The column was eluted with a gradient of ddH2O containing 0.05 percent (v/v) TFA (mobile phase A) and acetonitrile-containing 0.05percent (v/v) TFA (mobile phase B) (0 percent–60 percent B in 60 min) at 4.5 mL/min and monitored at 214 nm. The pooled desired HPLC fractions were concentrated in vacuo to remove acetonitrile, and the remaining aqueous solution was lyophilized to afford the purified ethyl ester intermediate in an overall synthetic yield of 41 percent as a puffy white solid whose exact mass was confirmed by a unit-resolution ESI-MS analysis. This purified intermediate was then dissolved in a mixture of MeOH/ddH2O(3/1, v/v), and to the resulting solution was added at 0 °C LiOH to a final concentration of ~12.5 M. The reaction mixture was subsequently stirred at 4 °C overnight, acidified at 0 °C with 6 N HCl to pH~1, and concentrated under reduced pressure.

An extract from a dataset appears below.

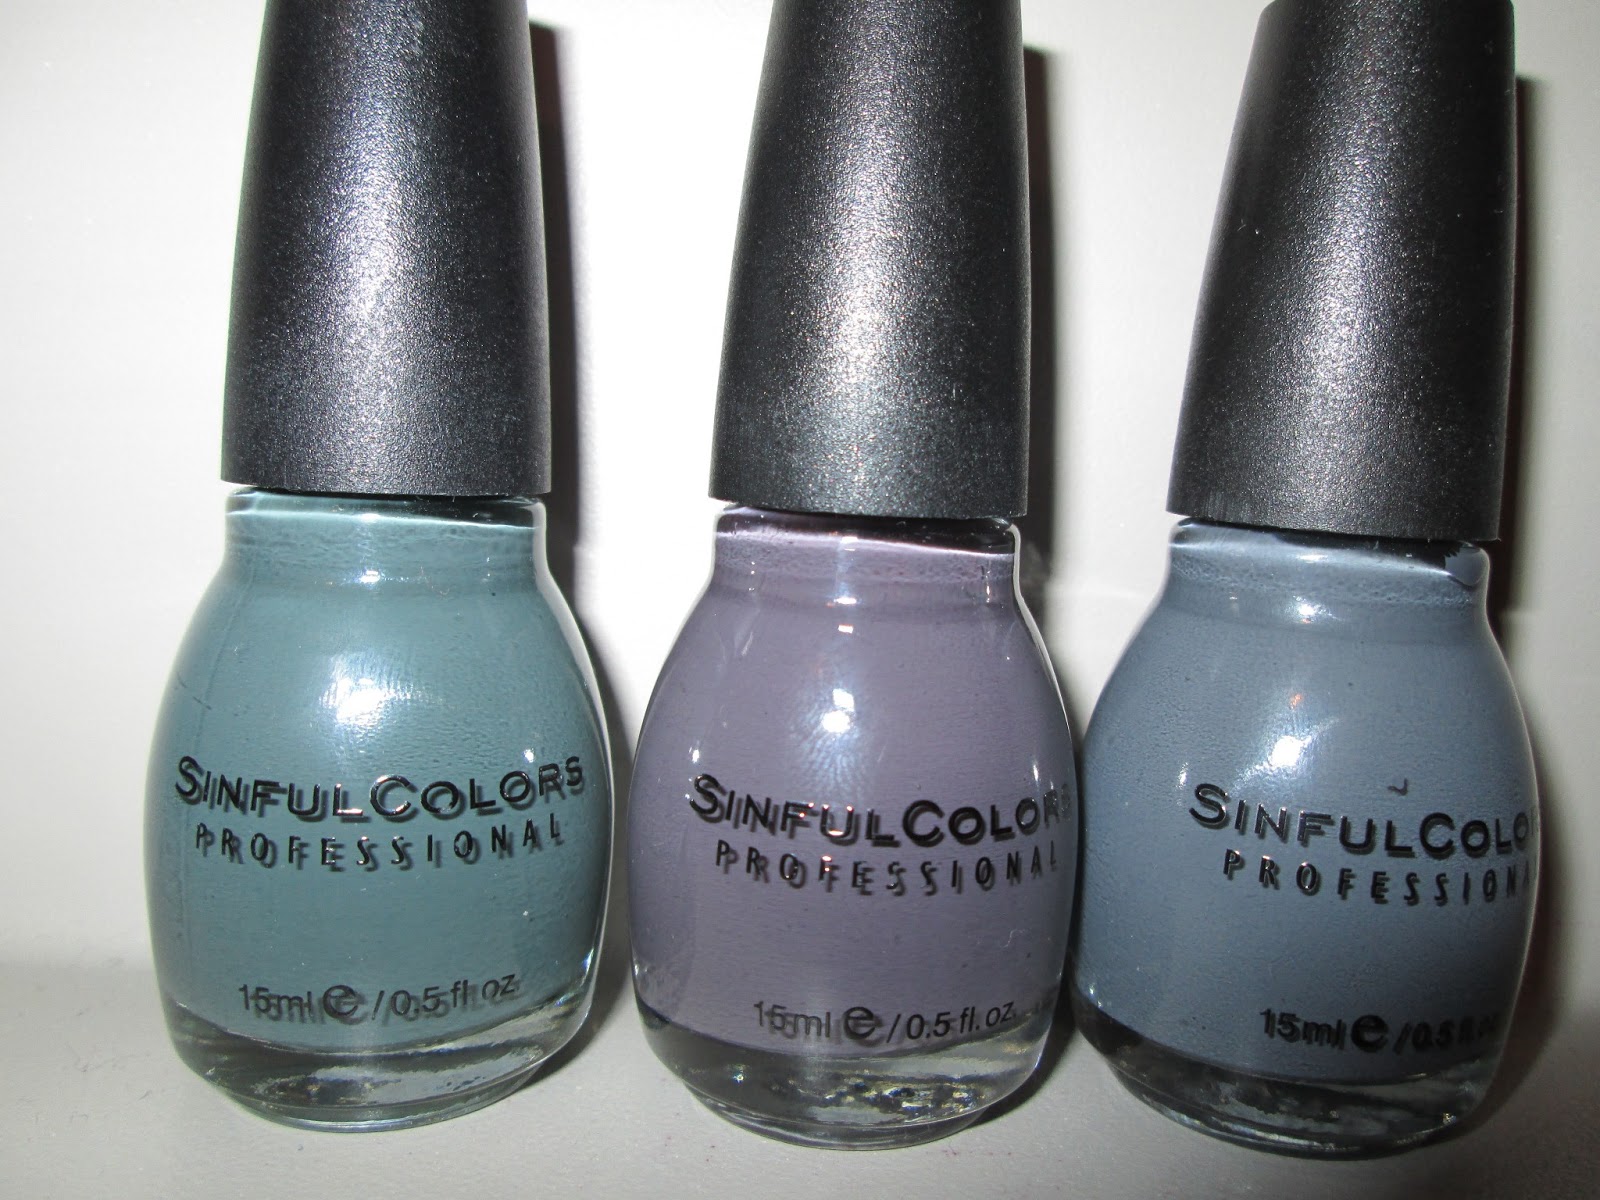 4. Sinful Colors Professional Nail Polish - Pearls - wide 9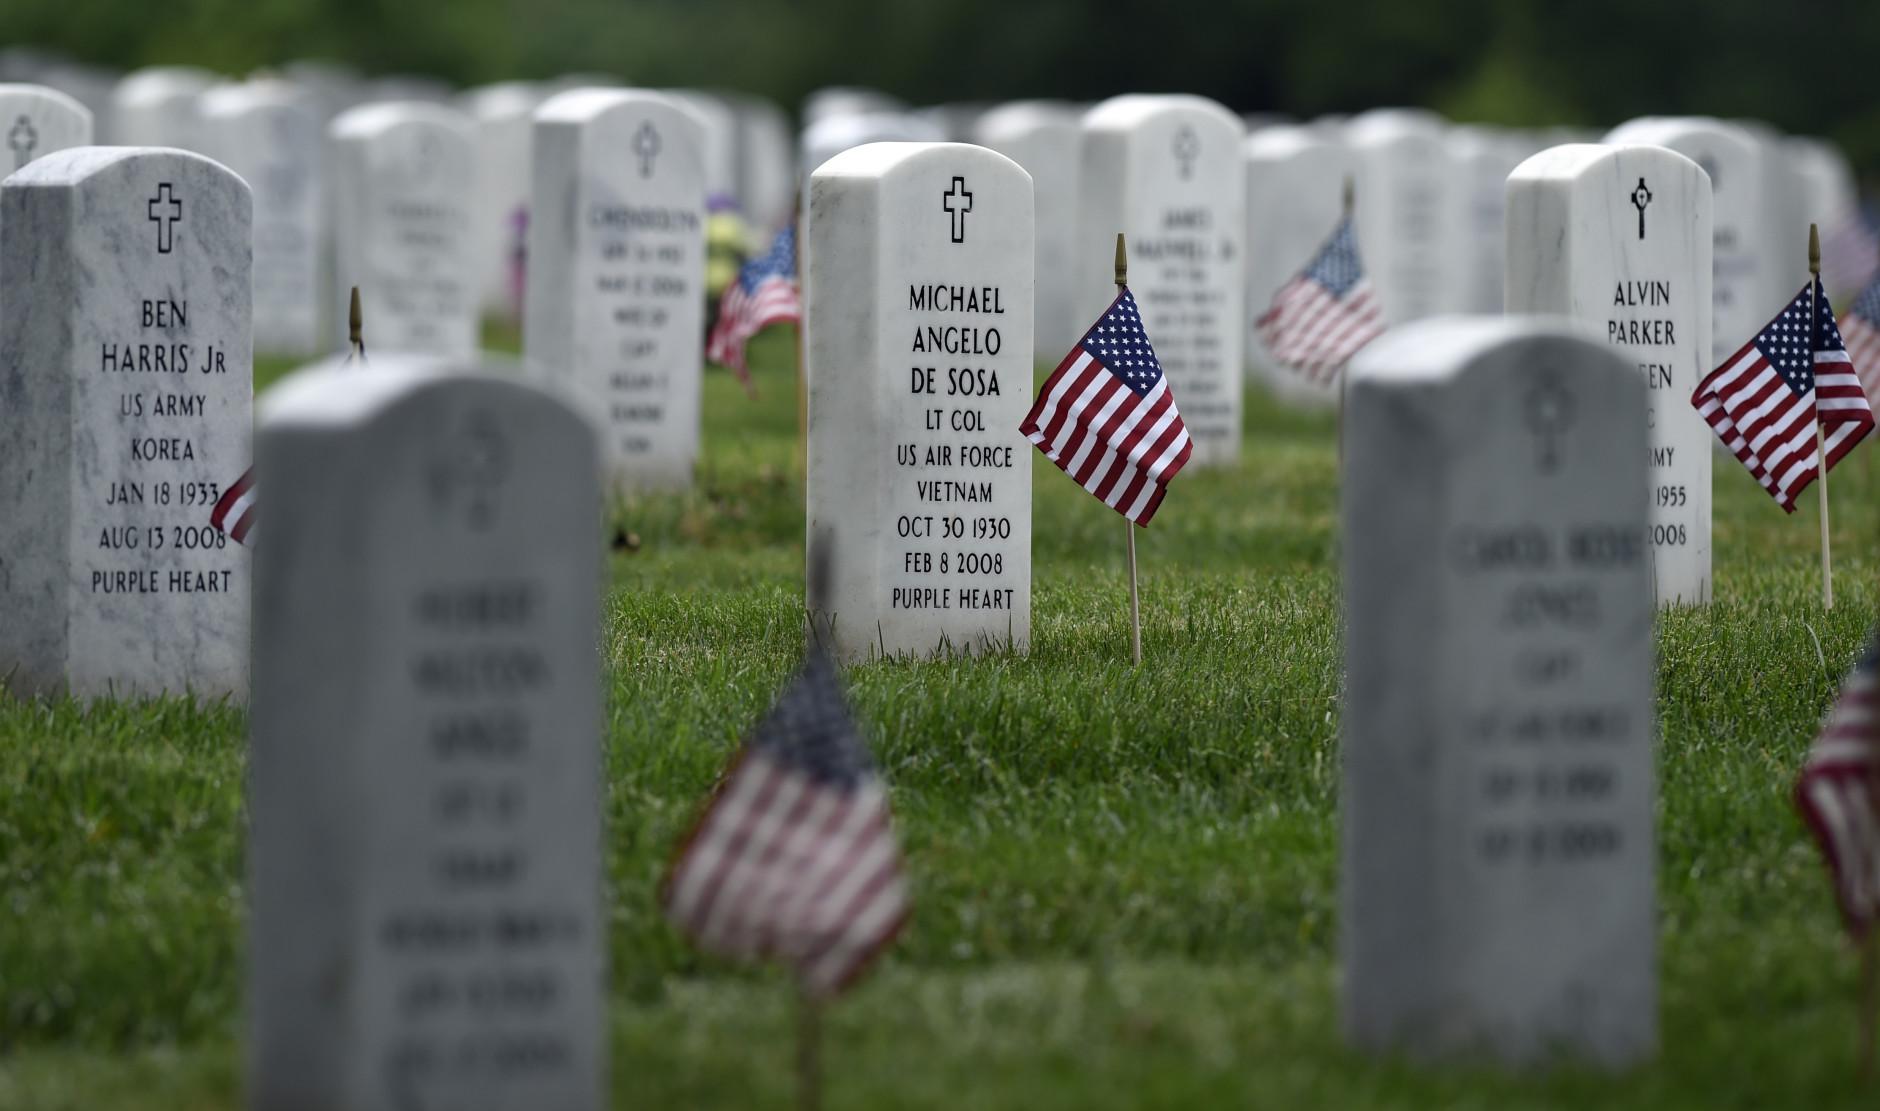 Every headstone at Arlington National Cemetery in Arlington, Va., has a flag placed in front of it, Thursday, May 21, 2015. Flags-In is a time honored tradition that is reserved for Soldiers of the 3rd U.S. Infantry Regiment (The Old Guard).  Since The Old Guards designation as the Armys official ceremonial unit in 1948, they have conducted this mission annually at Arlington National Cemetery prior to Memorial Day to honor our nations fallen military heroes. (AP Photo/Susan Walsh)

The ethyl ester hydrolysis product 4 was then isolated as a puffy white solid from the resulting residue by semi-preparative RP-HPLC as described above using the following gradient of the afore-mentioned mobile phases A and B: 0 percent–40 percent B in 60 min. The purity of the purified 4 was >95percent as verified by RP-HPLC on an analytical C18 column (0.46 x 25 cm,5 μm) eluted with the following gradient of the afore-mentioned mobile phases A and B: 0 percent–30 percent B in 60 min. 

Example 2 [2]

These two compounds were prepared by the Fmoc chemistry-based manual solid phase peptide synthesis (SPPS) on the Rink amide MBHA resin. For each amino acid coupling, 4 equivalents of a Nα-Fmoc-protected amino acid, 3.8 equivalents of the coupling reagent HBTU and the additive HOBt were used in the presence of 0.4 M NMM/DMF, and the coupling reaction was allowed to proce ed at room temperature for 1h. A 20 percent (v/v) piperidine/DMF solution was used for Fmoc removal. After the completion of the on-resin amino acid assembling and the N-terminal Fmoc removal, the side chain Mtt protecting group on Lys(Mtt) was selectively removed with a 1percent (v/v) TFA/DCM solution. The two exposed free amino groups on the resin were then each acylated with Fmoc-Gly-OH/HBTU/HOBt (4/3.8/3.8 equivalents) in the presence of 0.4 M NMM/DMF at room temperature for 1h, followed by the Fmoc removal from the two incorporated Fmoc-glycine residues. 

The two newly exposed free amino groups were subsequently acylated with succinic acid/HBTU (1/1.9 equivalents) at room temperature for 1h in the presence of 0.4 M NMM/DMF. The resultant peptidyl-resin was treated with a 2percent (v/v) solution of hydrazine (NH2NH2) in DMF to remove the ivDde protecting group on the central Lys(ivDde) residue. The resulting free amino group was then reacted with 1-dodecyl isothiocyanate (10 equivalents) or 1-tetradecyl isothiocyanate (10 equivalents) at room temperature for 2 x 5h in the presence of 0.4 M NMM/DMF, and the peptidyl-resin thus obtained was subsequently treated with a TFA-containing solution (90percent (v/v) TFA, 5percent (v/v) DCM, 5percent (v/v) ddH2O) at room temperature for 4h to cleave compound 1 or 3 off of the resin. Technically, a cleavage mixture was filtered and the volatiles in the filtrate were blown away with a stream of nitrogen in a well-ventilated fuming hood, and from the residue crude 1 or 3 was precipitated out with cold diethyl ether. The obtained crude 1 and 3 were then each purified by reversed-phase high performance liquid chromatography (RP-HPLC) on a semi-preparative C18 column (1 x 25 cm, 5 µm).

The column was eluted with a gradient of ddH2O containing 0.05percent (v/v) TFA and acetonitrile containing 0.05percent (v/v) TFA at 4.5mL/min and was monitored at 214 nm. The pooled desired HPLC fractions were concentrated under reduced pressure to remove acetonitrile and the remaining aqueous solutions were lyophilized to afford the purified 1 and 3 both as puffy white solids. The purities of the purified 1 and 3 were >95percent based on RP-HPLC analysis on an analytical C18 column (0.46 x 25 cm, 5 mm). 

References

1.    Liu J, Huang Y, Zheng W. A Selective Cyclic Peptidic Human SIRT5 Inhibitor[J]. Molecules, 2016,21(9): 1217
2.    Li S, Wu B, Zheng W. Cyclic tripeptide-based potent human SIRT7 inhibitors[J]. Bioorganic and Medicinal Chemistry Letters, 2019, 29(3):461-465.